So many films claim to offer an immersive experience. The Rider achieves this without so much as a 3D gimmick. Director Chloé Zhao’s film tells the story of a Dakota based horse trainer and rodeo rider, Brady Blackburn (real life horse trainer Brady Jandreau) who is recovering from a severe head injury. He desperately wants to get on a horse again, but everyone around him says ‘no’.
We know how the Hollywood version of this story would go, but Zhao tears up the script. Her film is a true blend of documentary – real people playing versions of themselves – and drama.
From the very first scene, in which Brady changes his head dressing, we are drawn in, not least because the stitches he is showing us are real. Brady’s use of cling film to redress the wound tells us a lot about him and his world. There isn’t a whole lot of money for medical bills; we discover Brady discharged himself against medical advice. He doesn’t have money for expensive dressings, hence the cling film.

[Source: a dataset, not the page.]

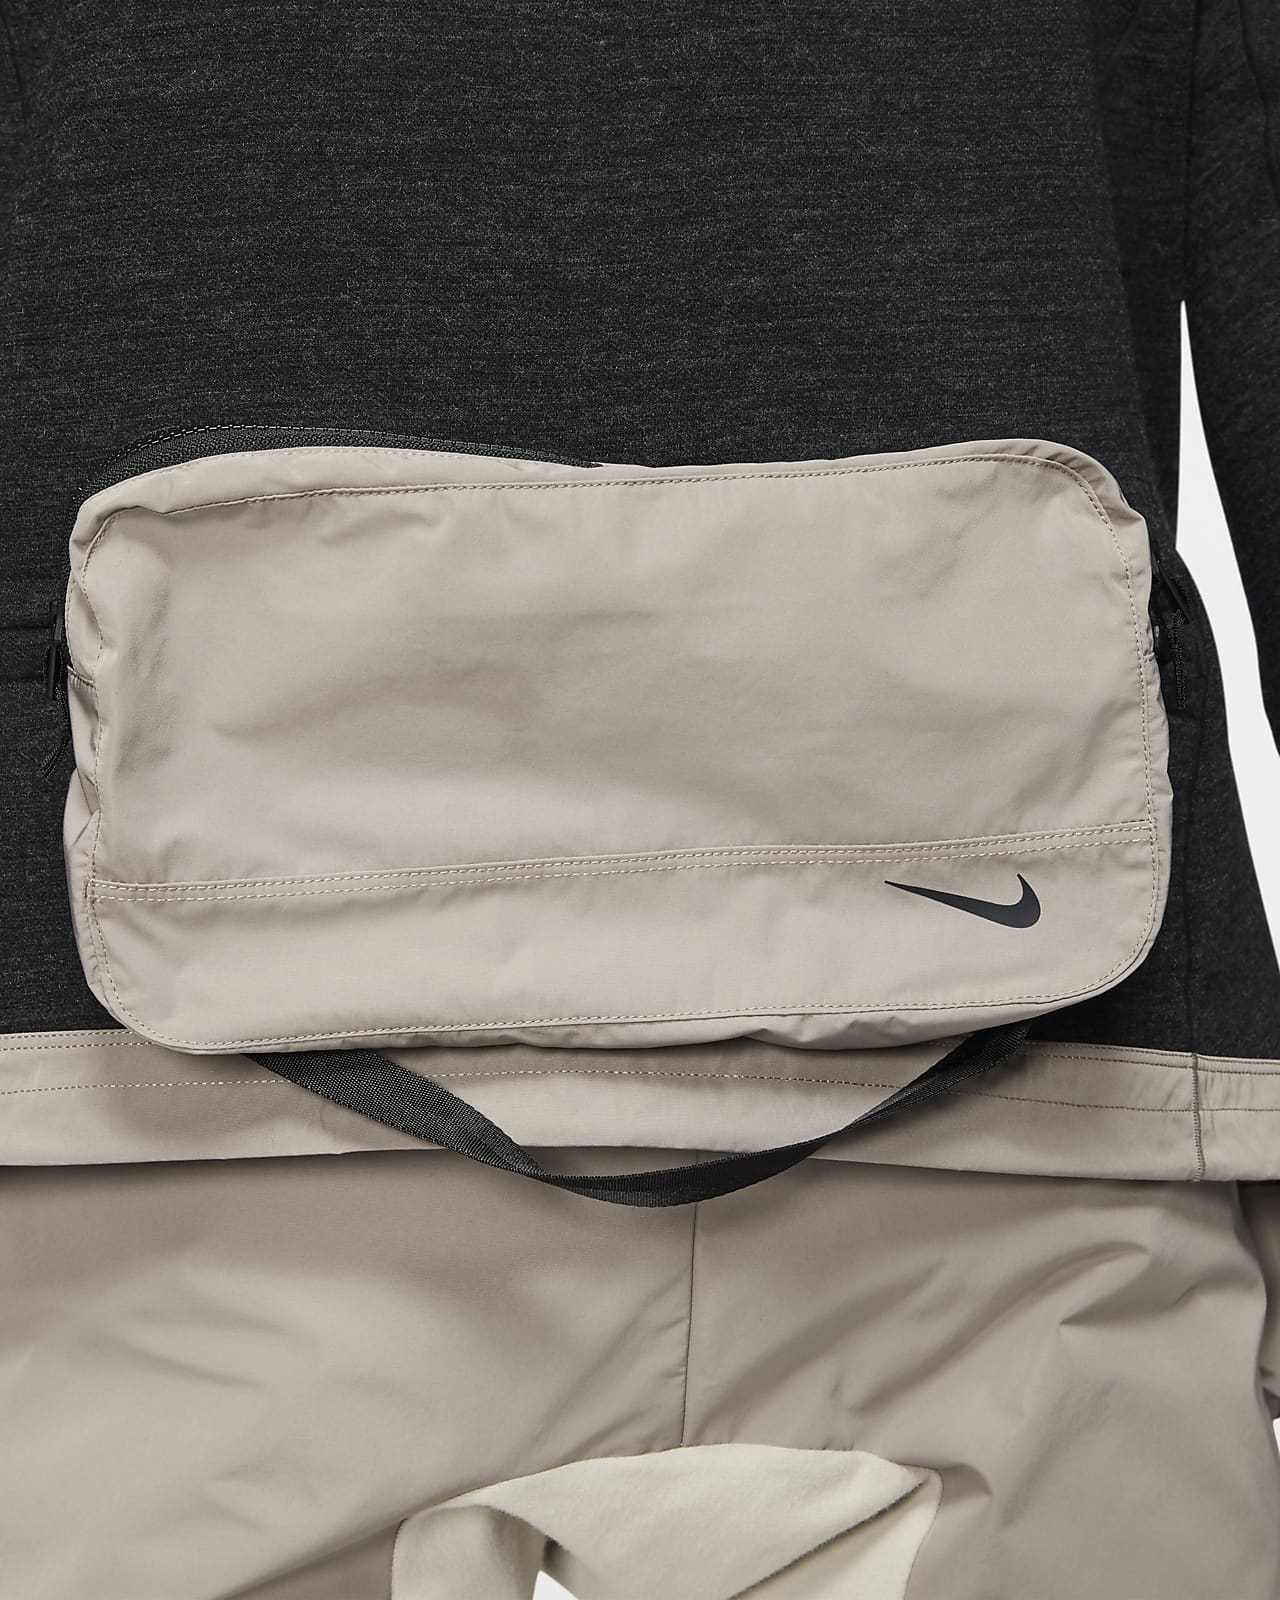 nike jacket that turns into a bag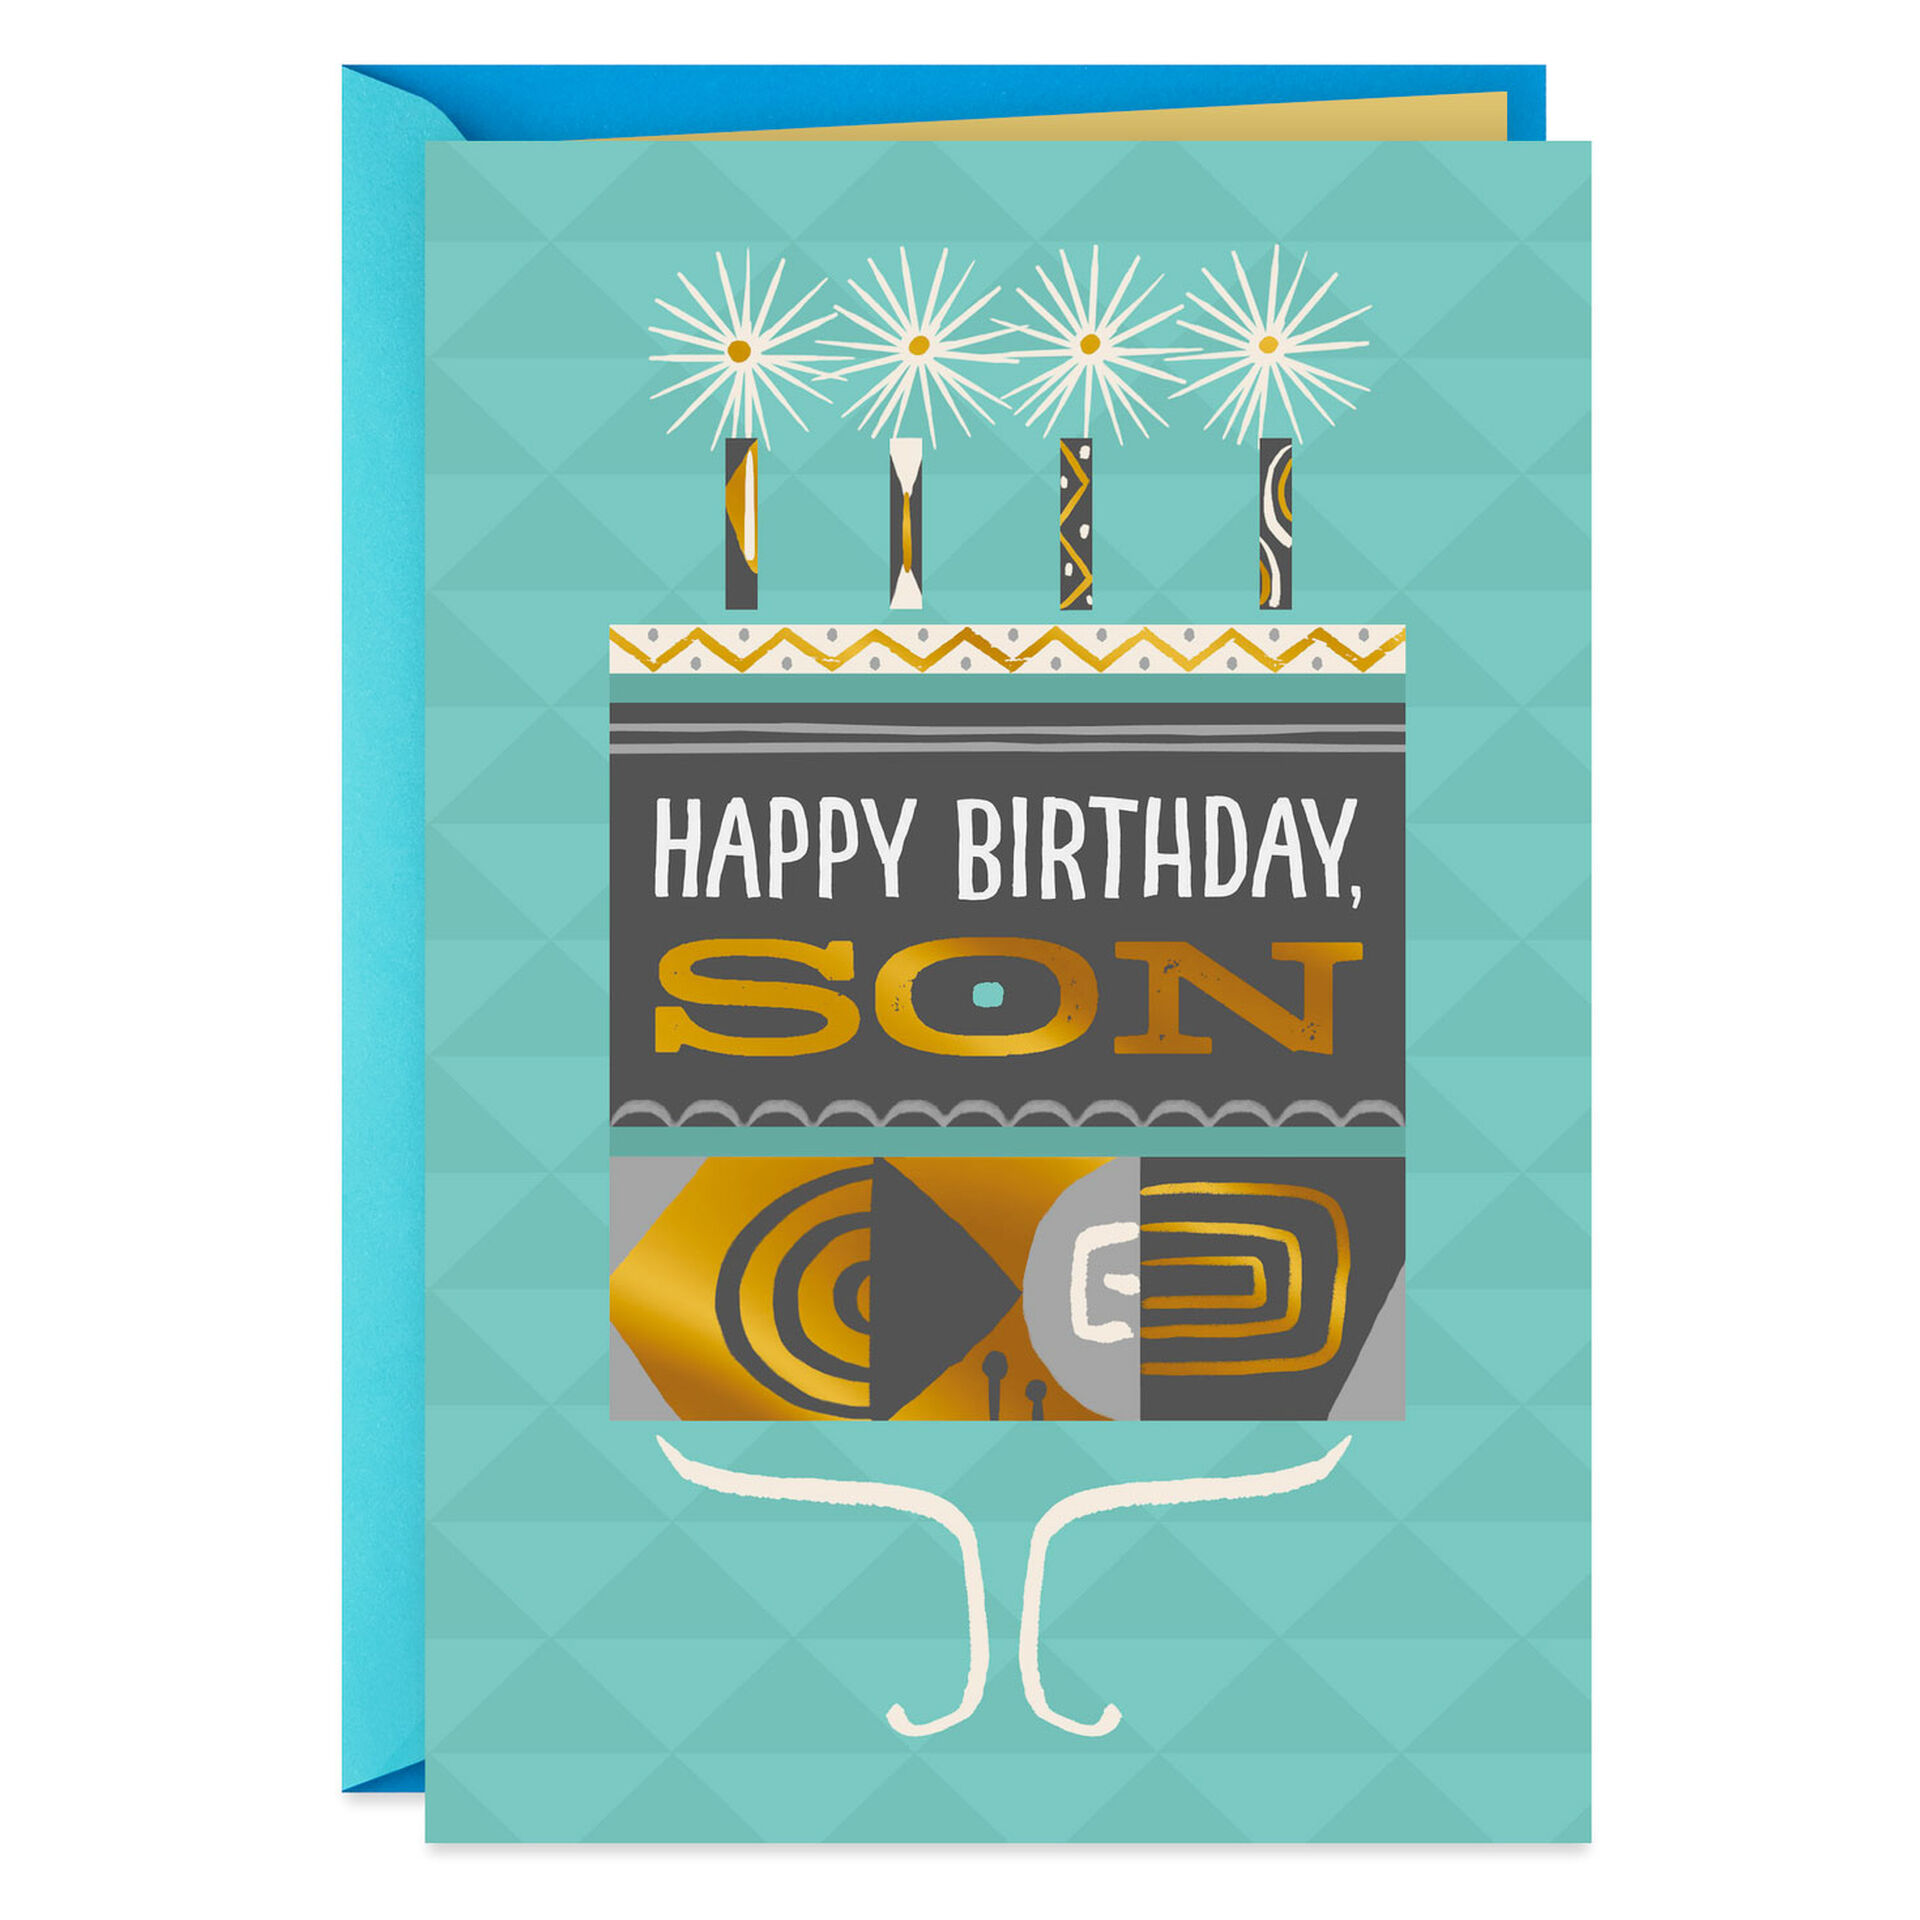 You-Are-Loved-Birthday-Card-for-Son_399MHB8213_01

Although no one says it, Brady experienced a lucky escape. Not so his best friend and role model, Lane Scott, who is permanently hospitalised and cannot speak; he expresses himself with a few gestures that Brady (when he visits him) has learned to read.
Zhao captures that aching need to do the thing that you love even though it isn’t in your best interest. The push-pull factor is great, not least because Brady’s father (Tim Jandreau, playing a fictionalised father figure) gambles the little money they have on slot machines – rent is way overdue – and Brady’s younger sister, Lilly (Lilly Jandreau) has autism and acts, though adult, like a little girl.
Brady takes a job in a supermarket and we see that it feels like degradation. Zhao shows him interacting with customers – including a young boy who wants a selfie – as well as sharpening knives and hosing down surfaces.
When he gets the opportunity to break a horse, the film rears into real time tension. We have no idea of what will happen in the pen, Zhao removing the safety net of staging: Brady is doing this for real.
There are poignant scenes such as Brady taking his saddle to a pawn shop and teaching a younger man how to ride a bucking bronco. As in a sports movie, the drama points in one direction, though how it gets there is painful and unexpected.
The South Dakota setting offers a casually beautiful backdrop. This is a film that you experience from moment to moment in real time, as if it were a documentary. Being a drama, it has one clunky scene, with Brady’s friends watching videos of Lane and talking about him, but this is a minor fault. For the entire film, you are with Brady, experiencing his journey. It is one that I cannot praise highly enough.